DATA EXCERPTS
===

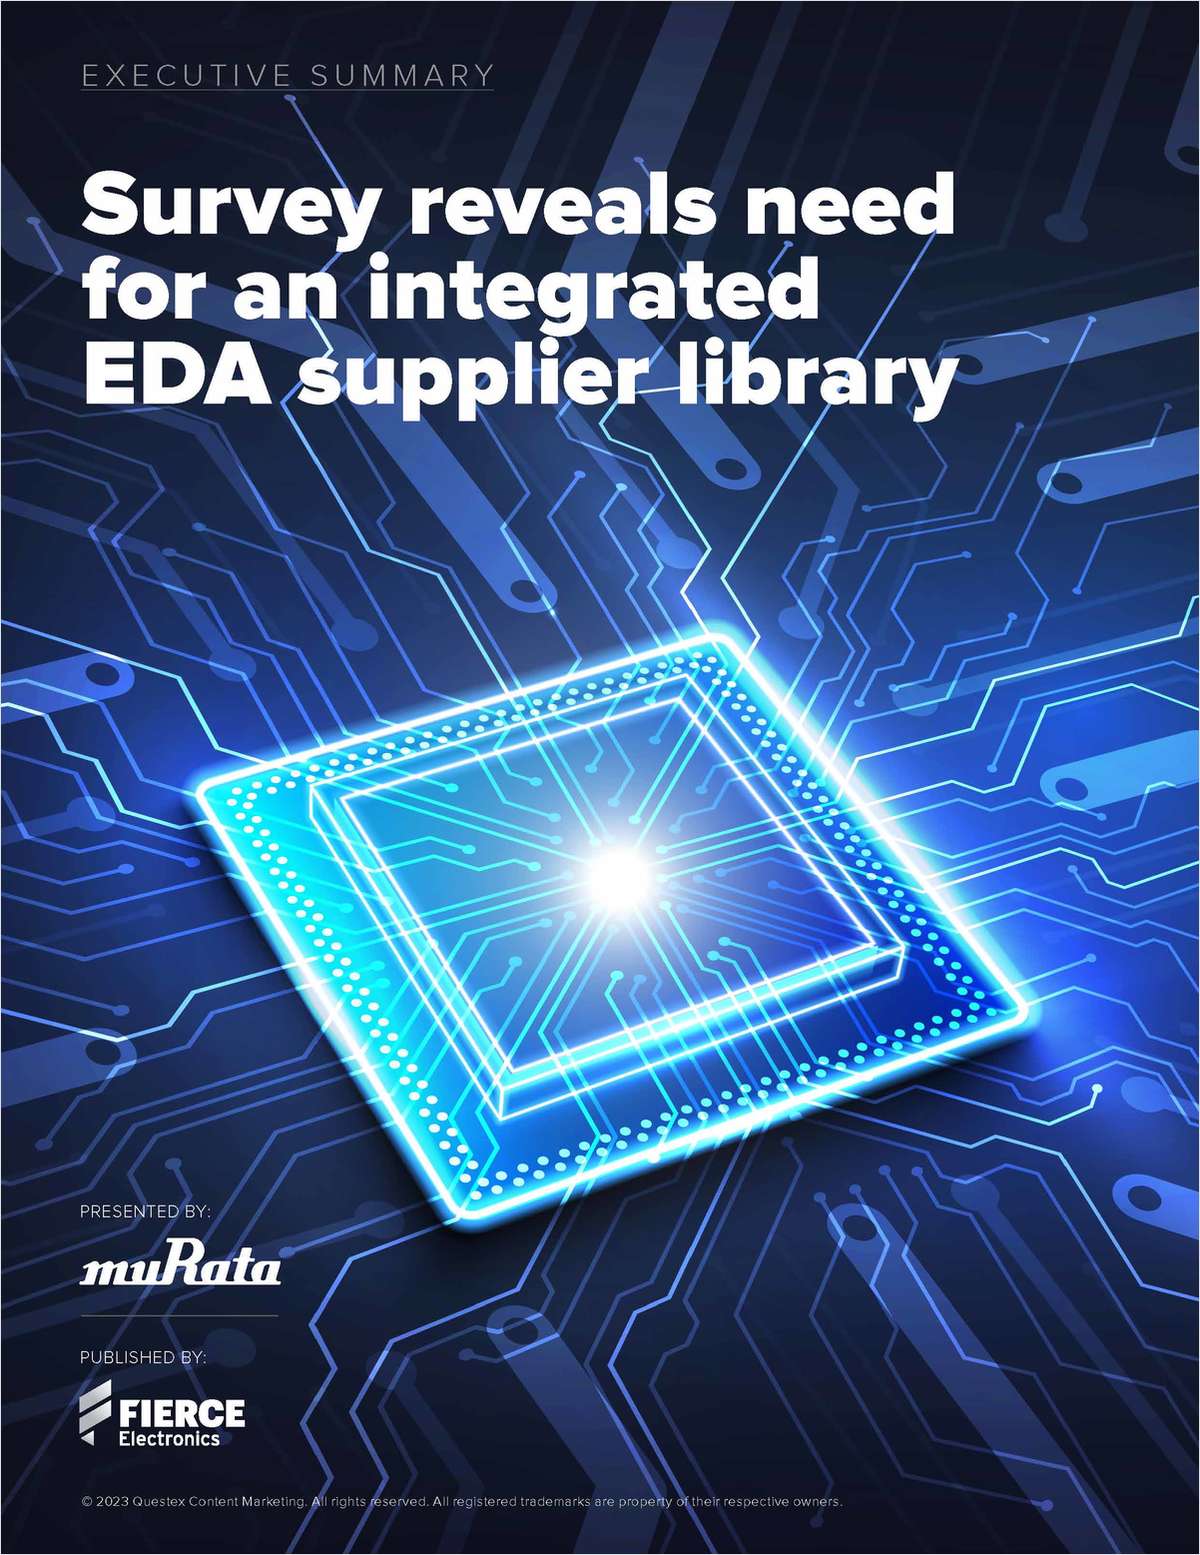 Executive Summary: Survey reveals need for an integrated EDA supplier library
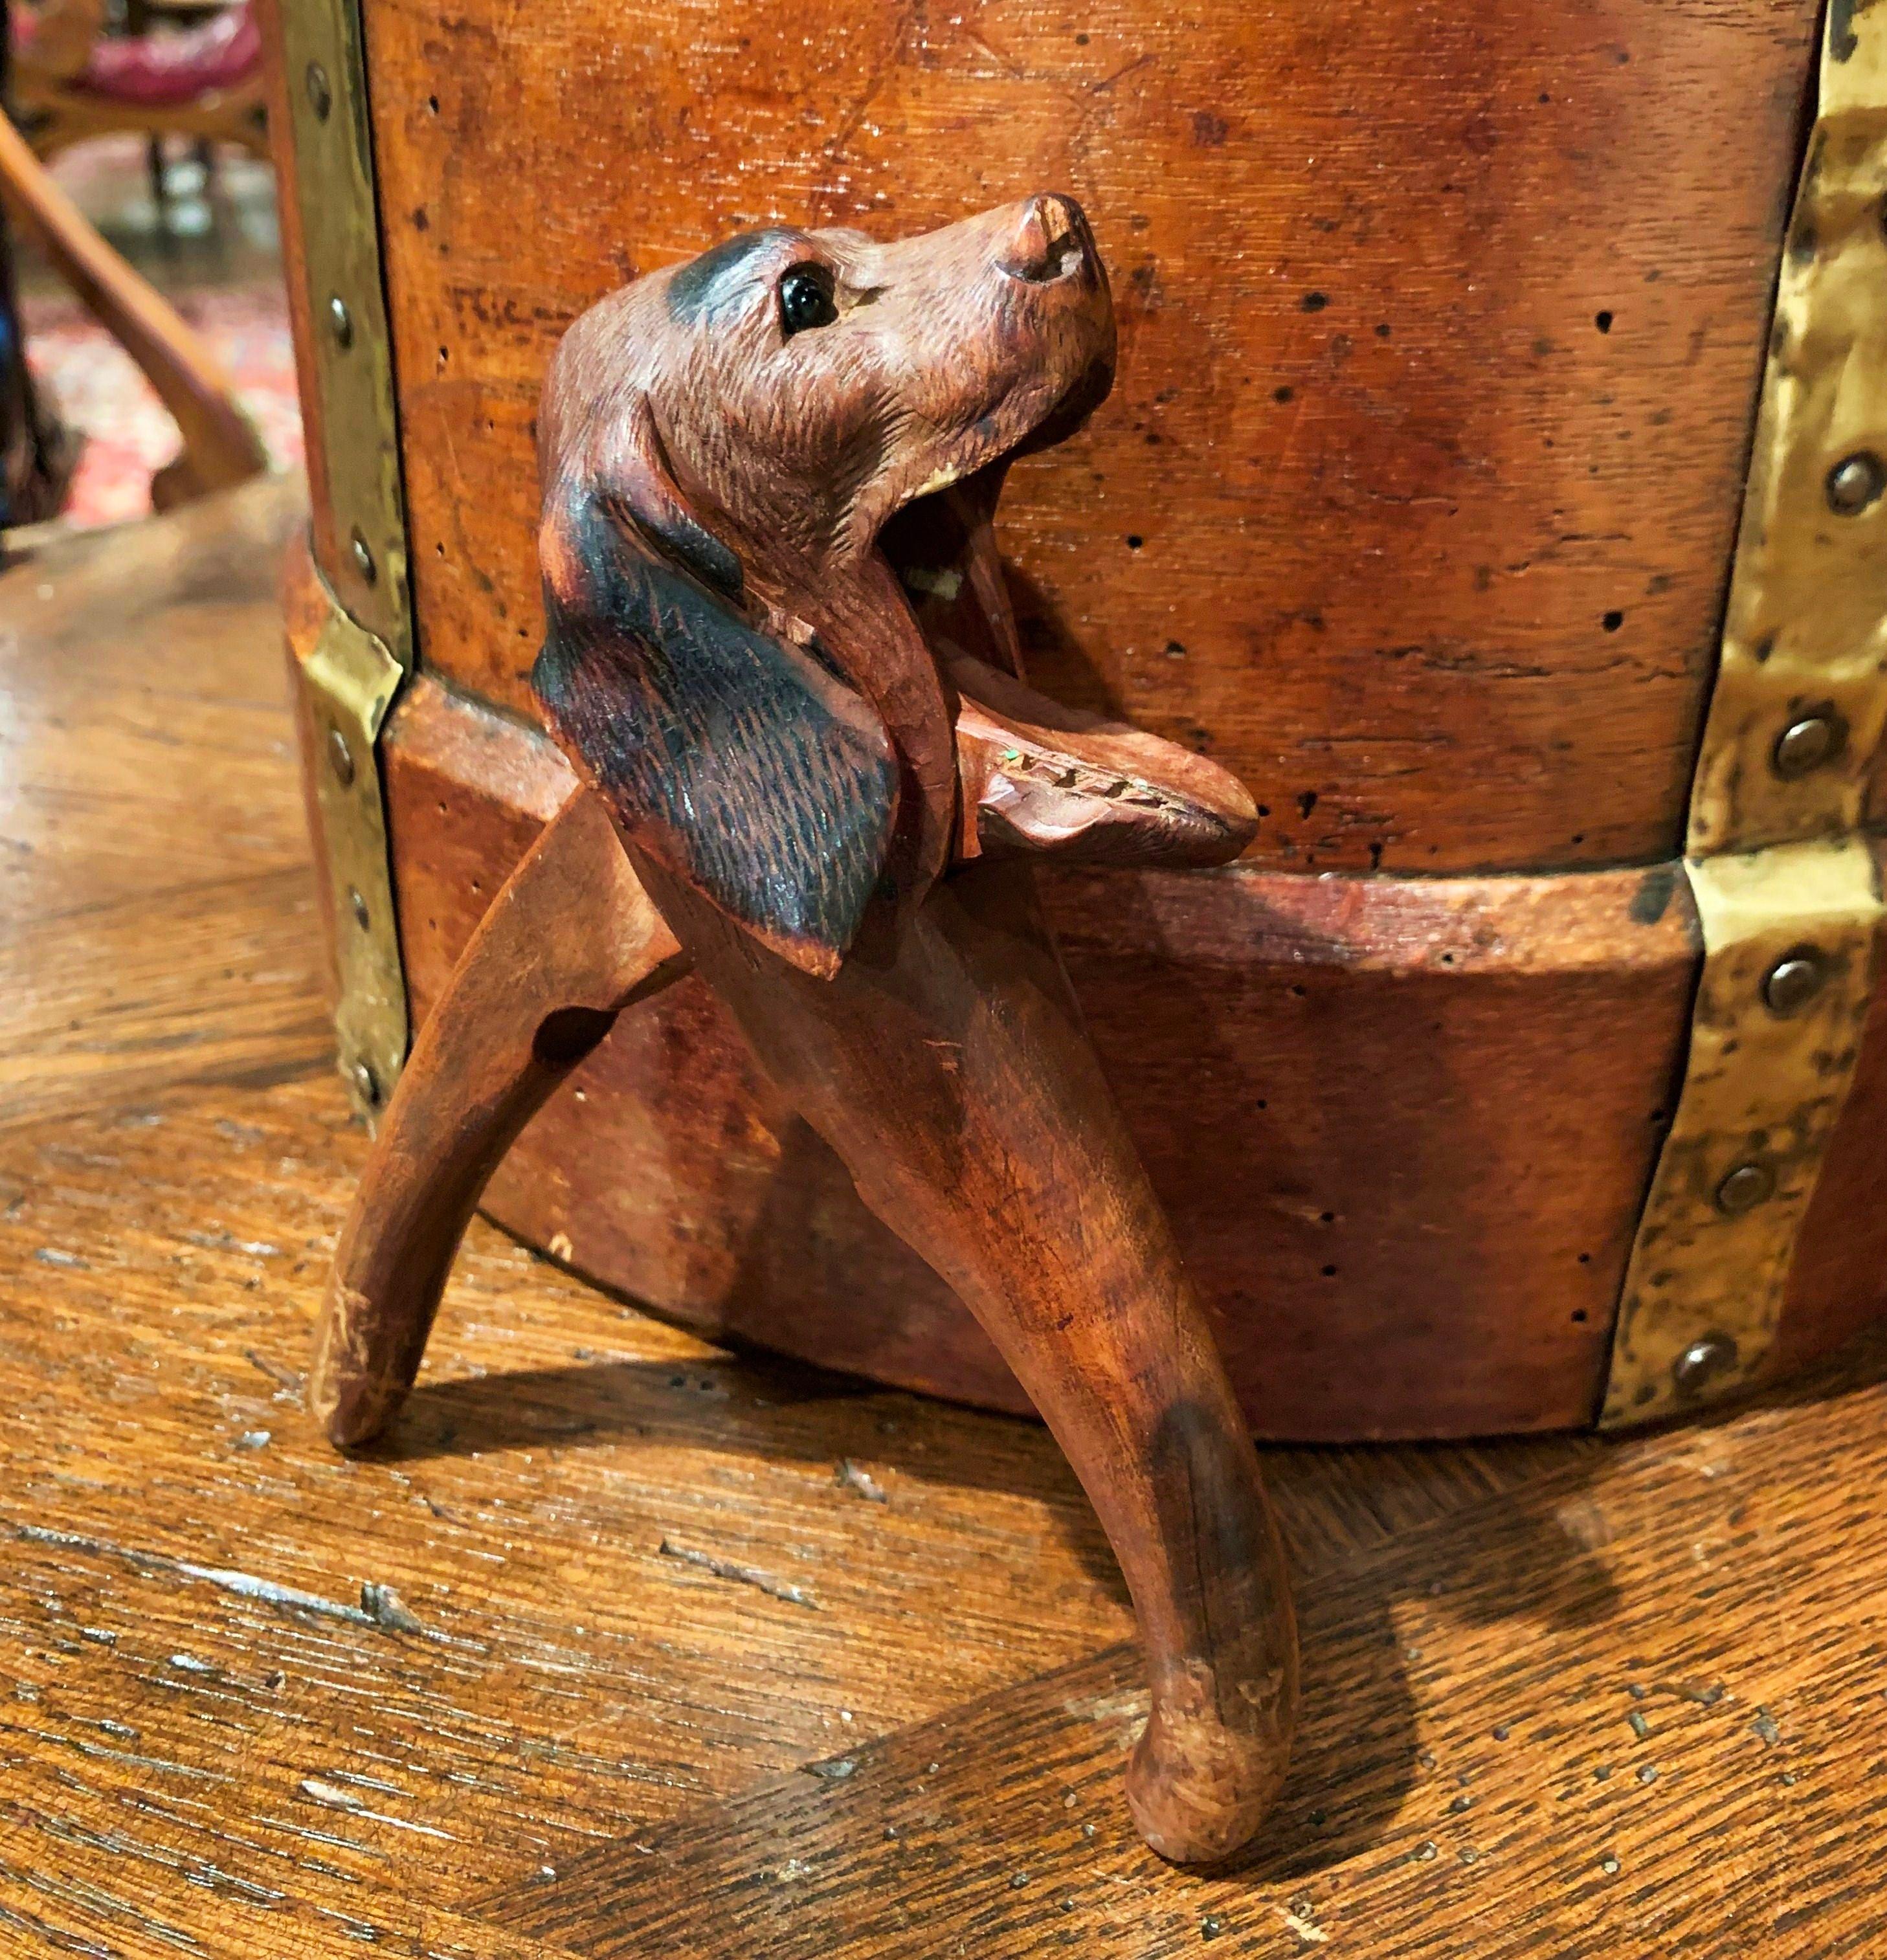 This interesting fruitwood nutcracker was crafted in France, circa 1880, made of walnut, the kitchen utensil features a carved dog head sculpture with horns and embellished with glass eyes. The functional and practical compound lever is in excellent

===

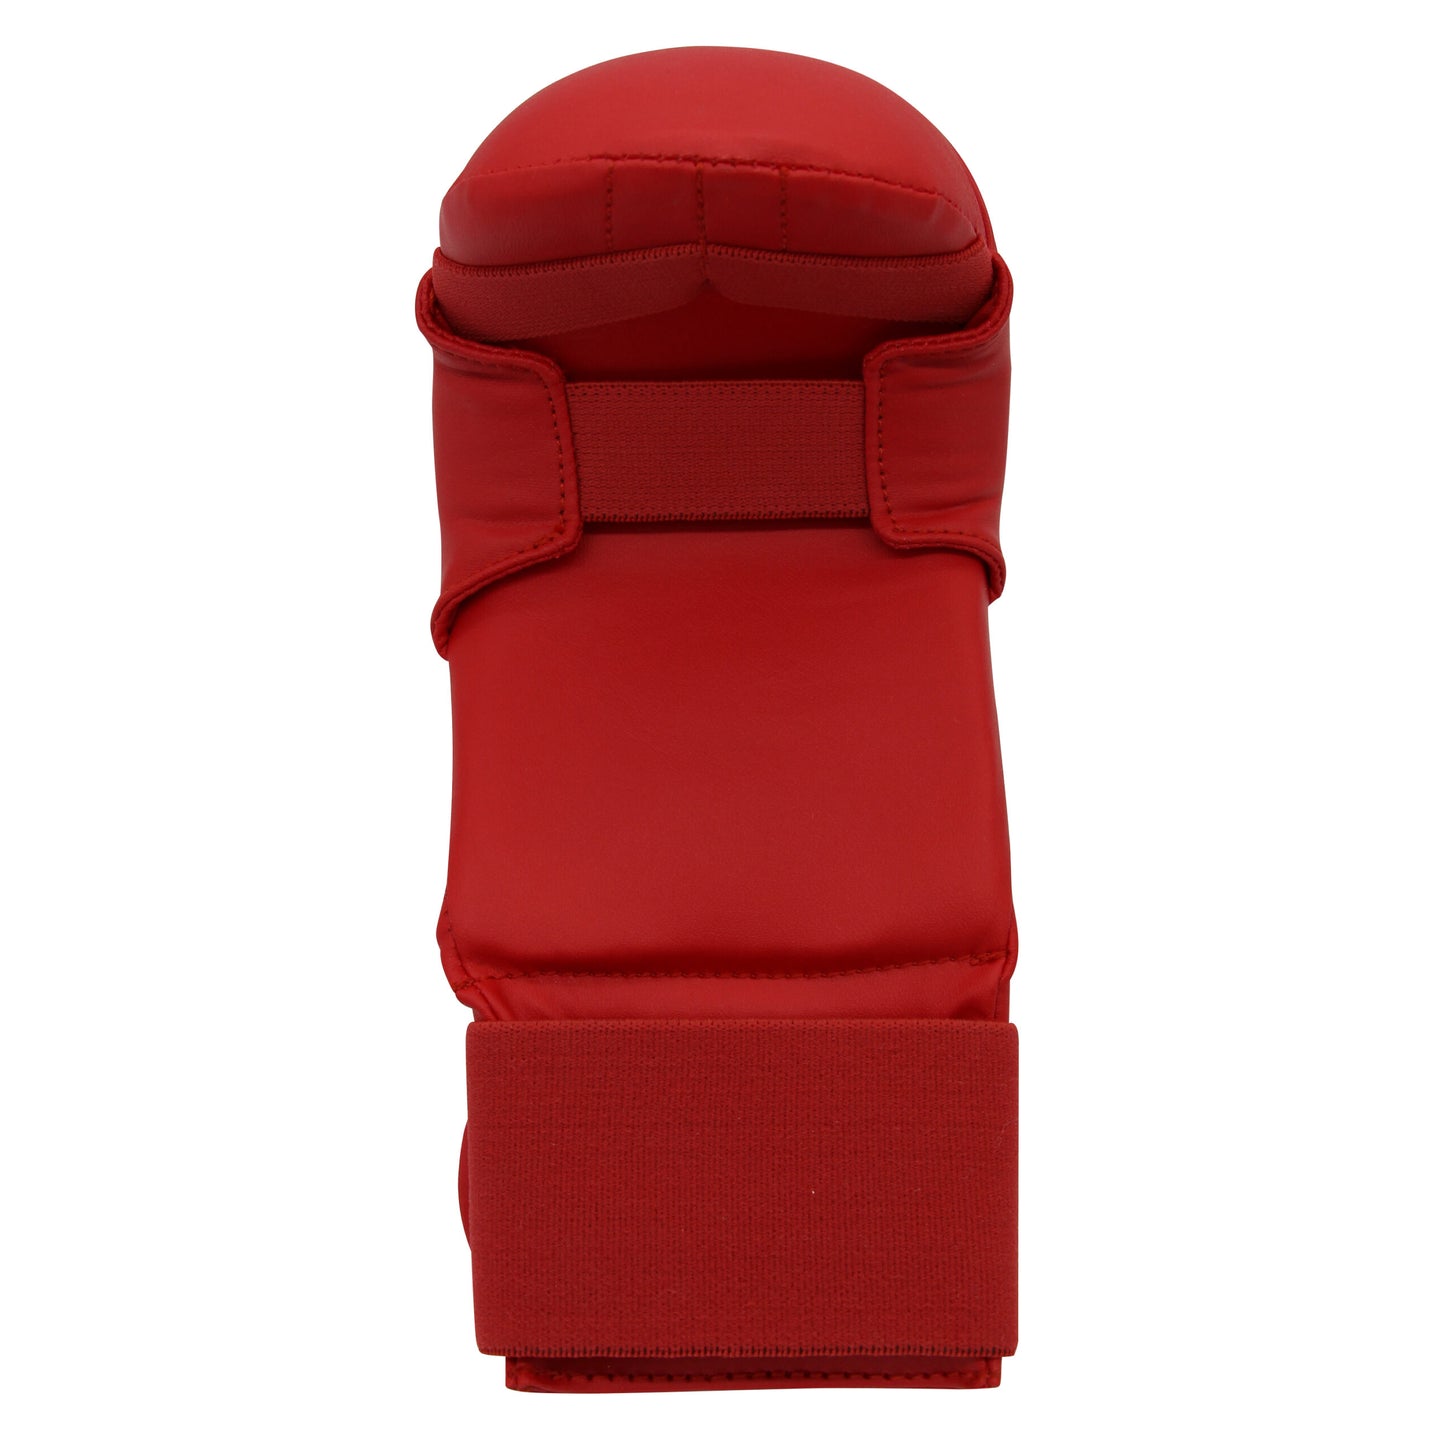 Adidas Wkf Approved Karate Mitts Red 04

===

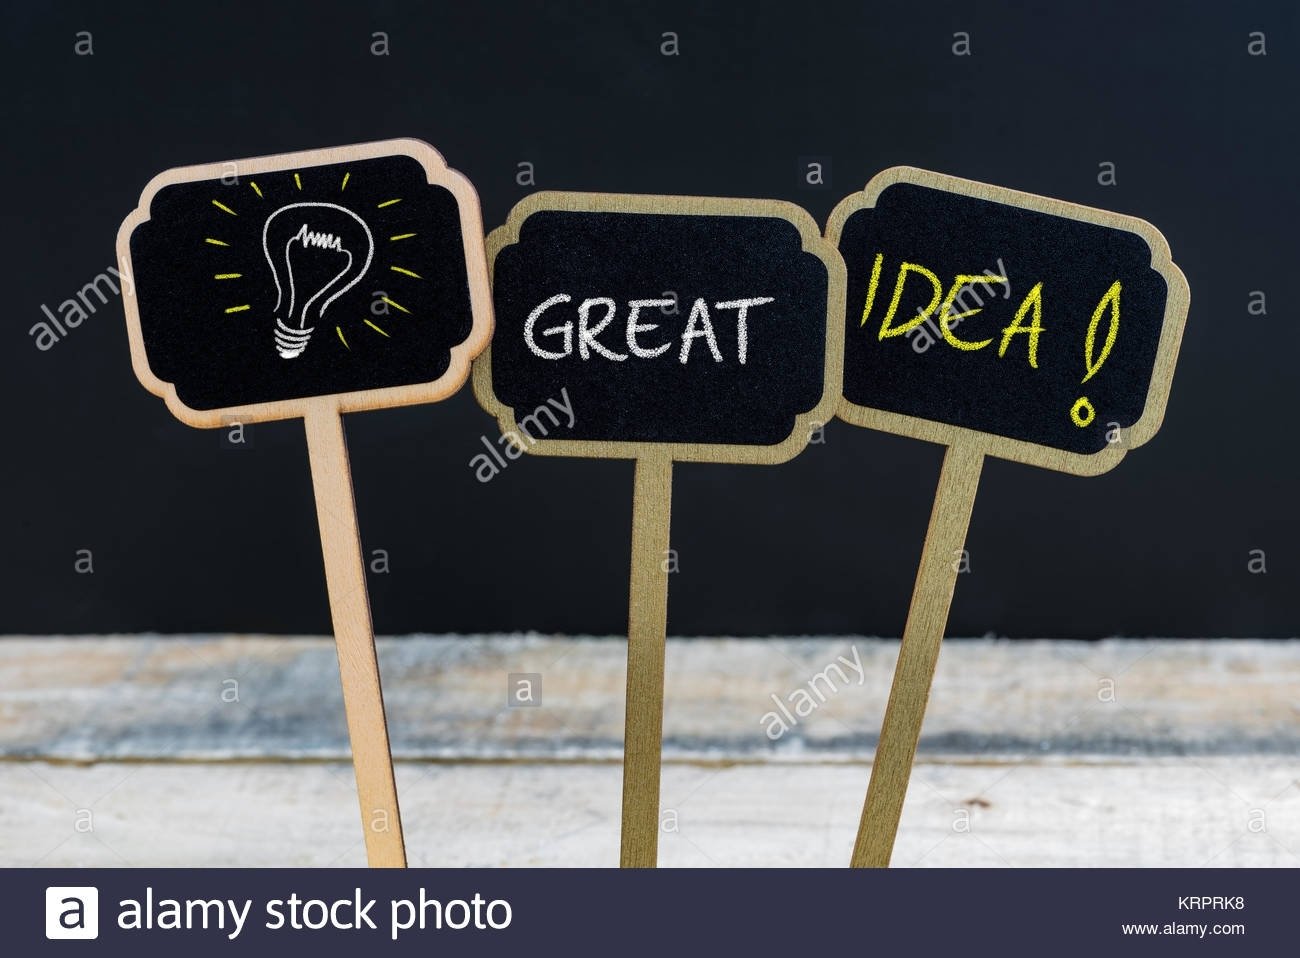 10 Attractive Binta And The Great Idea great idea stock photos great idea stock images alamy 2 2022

===

REQUIRED ACTION
Above is the material; set down exactly its lines from the one containing "Executive Summary: Survey" down to the one containing "This interesting fruitwood", both included, leaving out any pictures.

REPLY
 Executive Summary: Survey reveals need for an integrated EDA supplier library
 This interesting fruitwood nutcracker was crafted in France, circa 1880, made of walnut, the kitchen utensil features a carved dog head sculpture with horns and embellished with glass eyes. The functional and practical compound lever is in excellent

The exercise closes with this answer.